How to use sdf_pivot() in sparklyr and concatenate strings?


I am trying to use the sdf_pivot() function in sparklyr to "gather" a long format data frame into a wide format. The values of the variables are strings that I would like to concatenate.

Here is a simple example that I think should work but doesn't:

library(sparkylr)
d <- data.frame(id=c("1", "1", "2", "2", "1", "2"), 
                 x=c("200", "200", "200", "201", "201", "201"), 
                 y=c("This", "That", "The", "Other", "End", "End"))
d_sdf <- copy_to(sc, d, "d")
sdf_pivot(d_sdf, id ~ x, paste)

What I'd like it to produce is:

| id | `200`       | `201`           |
|====|=============|=================|
| 1  | "This That" | "End"           |
| 2  | "The"       | "Other End"     |

Unfortunately this gives me an error stating:

Error in as.vector(x, "character") : 
  cannot coerce type 'environment' to vector of type 'character'

I also tried using "collect_list" and that gives me this error:

Error: java.lang.IllegalArgumentException: invalid method collect_list 
 for object 641

Is there a way to do what I'm attempting to do?


Solution

  • i dug into the tests for sdf_pivot and it seems you can use invoke inside a custom fun.aggregate function to access the collect_list function:

     fun.aggregate <- function(gdf) {
    
      expr <- invoke_static(
        sc,
        "org.apache.spark.sql.functions",
        "expr",
        "collect_list(y)" #this is your own "y" variable
      )
    
      gdf %>% invoke("agg", expr, list())
    }
    

    that you can then use in sdf_pivot:

    d_sdf_wide <- sdf_pivot(d_sdf, id ~ x, fun.aggregate)
    

    this does do the job:

    > d_sdf_wide
    Source:     table<sparklyr_tmp_69c14424c5a4> [?? x 3]
    Database:   spark connection master=local[8] app=sparklyr local=TRUE
    
         id      `200`      `201`
      <chr>     <list>     <list>
    1     1 <list [2]> <list [1]>
    2     2 <list [1]> <list [2]>
    

    (your data is now in list format, not a string, but you can concatenate the lists if you like, e.g.
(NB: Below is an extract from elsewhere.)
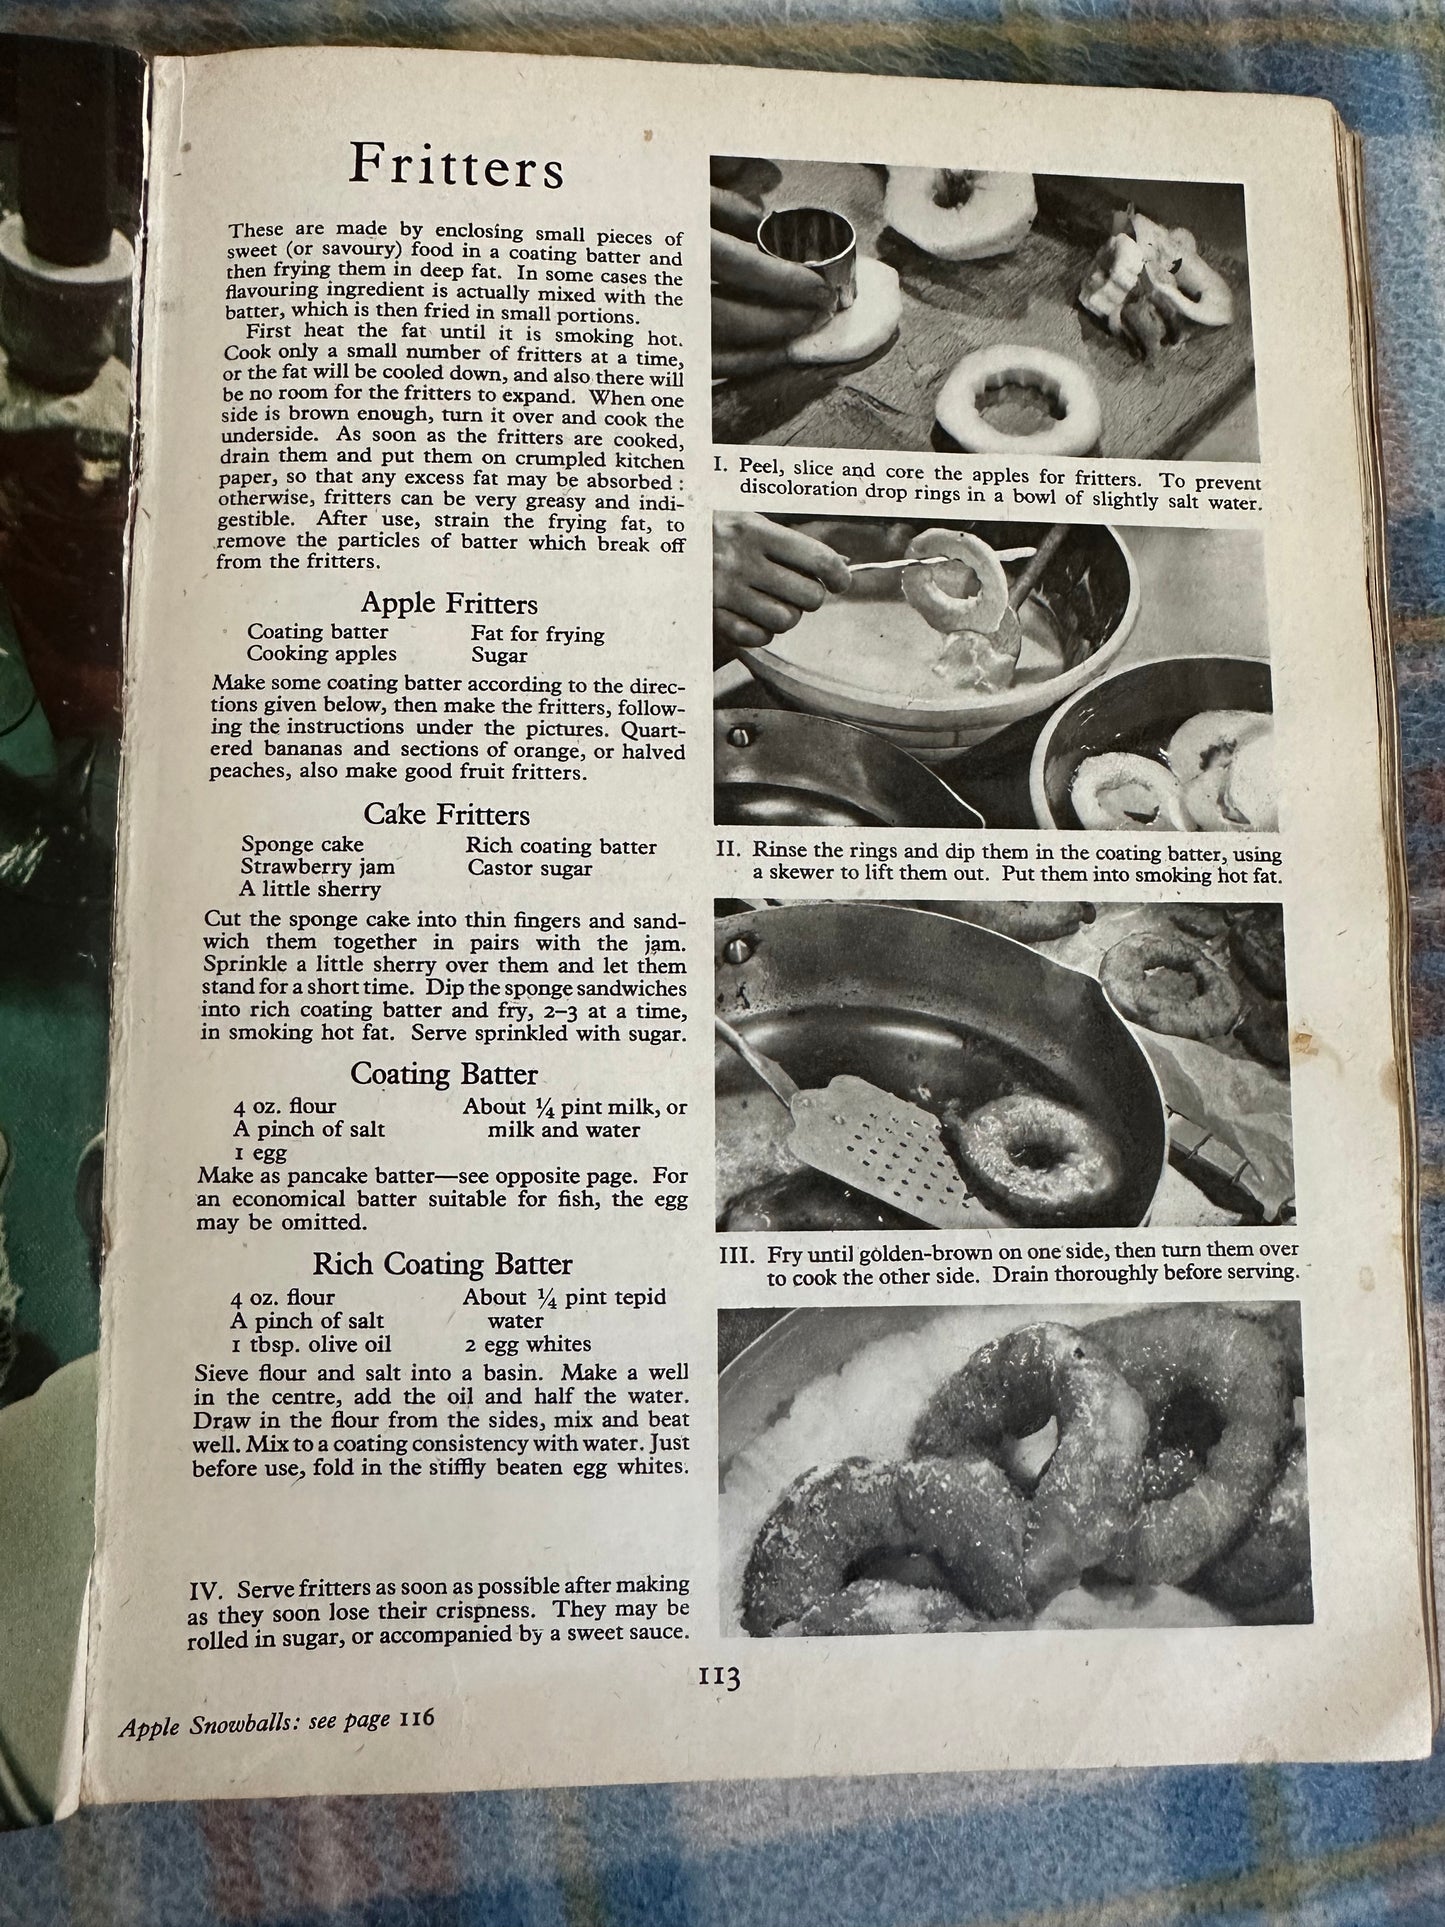 1951 Good Housekeeping’s Picture Cookery(The National Magazine Co Ltd)

    d_sdf_wide %>% mutate(liststring = paste(`200`))
    
         id      `200`      `201` liststring
      <chr>     <list>     <list>      <chr>
    1     1 <list [2]> <list [1]>  This That
    2     2 <list [1]> <list [2]>        The
    

    (alternatively, you could write a complicated sql query, but i haven't tried)